If you’re familiar at all with this blog or with me as a person, then you know two things about me: one, I have struggled with mental health issues since at least 2008, and two, I am passionate about recovery from those issues. Not just my issues; everybody’s issues. All the issues.
Here’s the deal. Mental illness is ultimately the same as a physical illness. Whether acute or chronic, all illnesses can be treated and, if not outright cured, then managed, so that the person with the illness can live a healthy life. An odd thing I’ve noticed about the discussion about mental illness, however, is we talk about it and treat it as if it’s the end, as if having depression or bipolar or whatever else means that you will never again have a healthy life.
As if having a mental illness suddenly means you are excused from taking care of yourself. Or making good choices. Or taking responsibility for your actions and their consequences, good or bad.
All of this is bullshit.
I have a mental illness. I have a psychiatric doctor’s diagnosis of depression and anxiety.

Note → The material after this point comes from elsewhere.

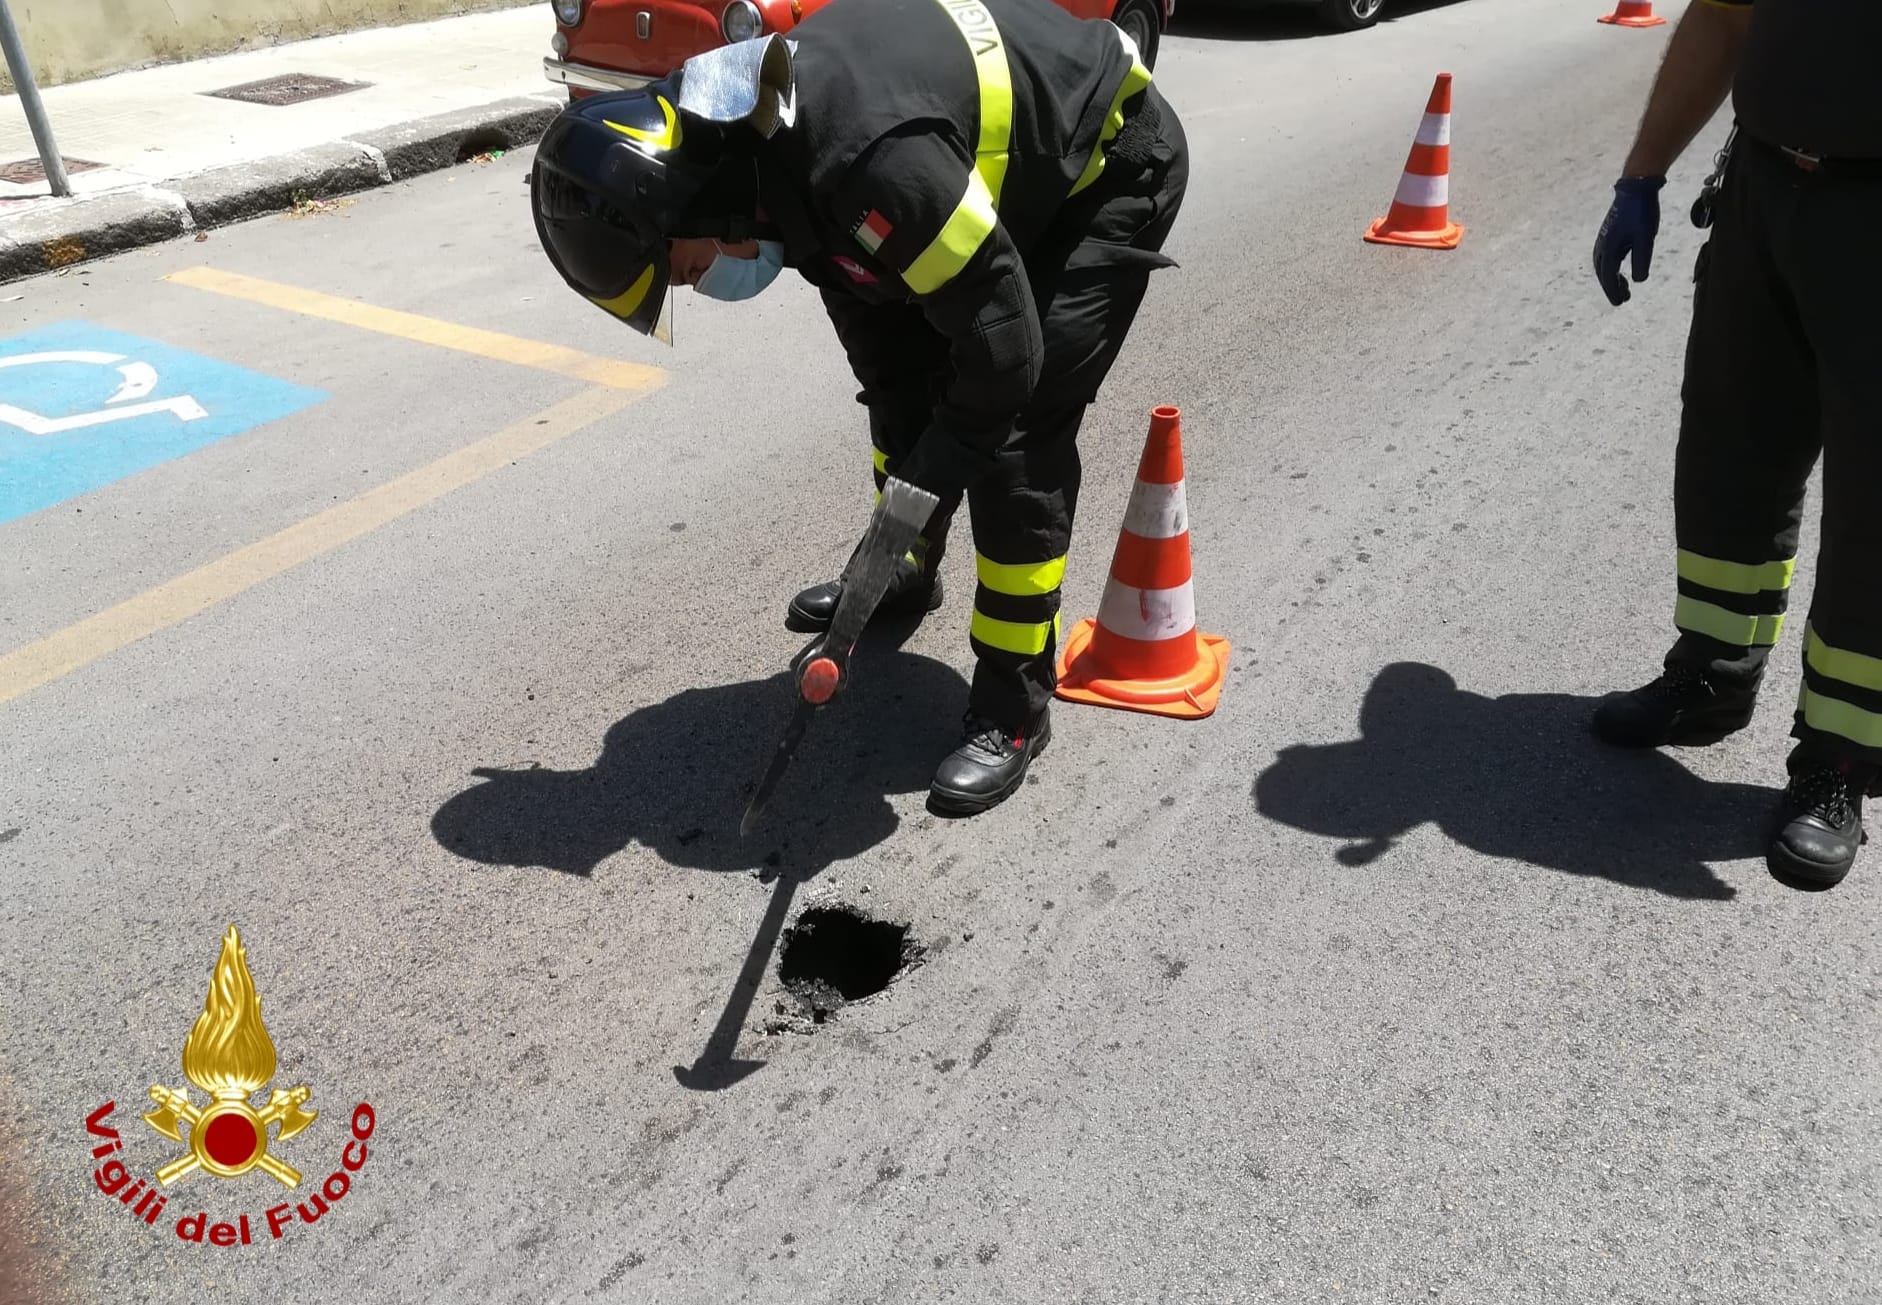 Fori nell'asfalto: VVF verificano sicurezza manto stradale

Even if I didn’t have that official diagnosis, I would still have depression, and I’d probably be able to self-diagnose it. But here are two things that a mental illness diagnosis does not do:
- It does not mean that I am weak, fragile, incapable of taking care of myself, or excluded from being happy and living my best life.
- It does not mean that I have no control over my actions, that I am absolved from the consequences of my choices, or that I am a victim of my circumstances.
In the first paragraph, I said I am passionate about recovery from mental illness. Now’s the point where I qualify that and say that I am passionate about active recovery. Let’s get some definitions in here. What do I mean when I say “active recovery from mental illness”?
Recovery: Moving from a place of being controlled and defined by your illness to a place where you choose to make healthy decisions to improve your life. Whether mental illness or substance abuse, the concept of recovery involves taking charge of your life and choosing to improve and grow. Which brings us to…
Active: YOU GOTTA DO THE WORK. To recover from any illness, you can’t just sit back and hope it goes away. People suffering from cancer go to their doctor appointments and receive medicine and intensive treatments. People suffering from mental illness are supposed to do the same. While rest is important in any healing period, active recovery is not passive in that it doesn’t hope someone else does the hard stuff for you.
Active recovery from mental illness doesn’t mean you go to a therapist once every couple months and expect to see results in one session.
It doesn’t mean you have a bad day, a lousy depression spiral, and throw up your hands in defeat.
It doesn’t mean you shrug and say “That’s just who I am.”
It doesn’t mean you never trip up or have bad days or get hung up on something you used to get hung up on, but it does mean you try.
It means you put in the sweat equity in your own health and wellbeing.
You do not foist it onto someone else.
You do not force your friends/support network to serve as your therapist, your crisis counselor, or your suicide hotline when there are professionals available, ready to help you.
You have to get to a place where you are tired of falling back into old patterns and habits and you are ready to get better.
You. Do. The. Work.
Y’all, active recovery is hard. It’s work. And there are so many days when I wonder if it’s worth it. I mean, hey, every counseling session is $65. Maybe I should save that money and just cancel this week. Nope. No. Absolutely not. I put in the work, I do the hard things and have the difficult conversations, I struggle against my own brain at times, because I know that I have more to give to the world than my bad days and my spirals.
“But I don’t have anything to offer the world,” you say. To which I say, you’re wrong.
If you have a friend, you can offer your love and support. If you have a pet, same deal. If you have a favorite houseplant, same deal. Each of us has the capacity to contribute to the world, even if it’s something as small and seemingly insignificant as feeding a pet goldfish every day.
Live for your goldfish. Get better for your goldfish.
Put in the work to get to recovery.
I will always be in recovery. For the rest of my life, which I hope is long and sweet, I will be working on myself. When I finish this round of therapy, I do not expect it to be the last time I ever see a counselor. I don’t anticipate never taking medication again, but I hope I don’t. But even though recovery is difficult and takes so much time and energy, I will not stop.
God did not make me to get lost in my struggles. I have learned so much about grace and suffering through this. I have also learned that, by his grace, I can get better.
Depression is not who I am. I am not excused from the consequences of my actions, any of my actions. I still have a responsibility, both to myself and to God, to make good choices and to put in the work of active recovery. I mean, I don’t want to be miserable for the rest of my life. Why would I let the shadow monster have that kind of power over me?
You gotta do the work. But trust me, it’s worth it.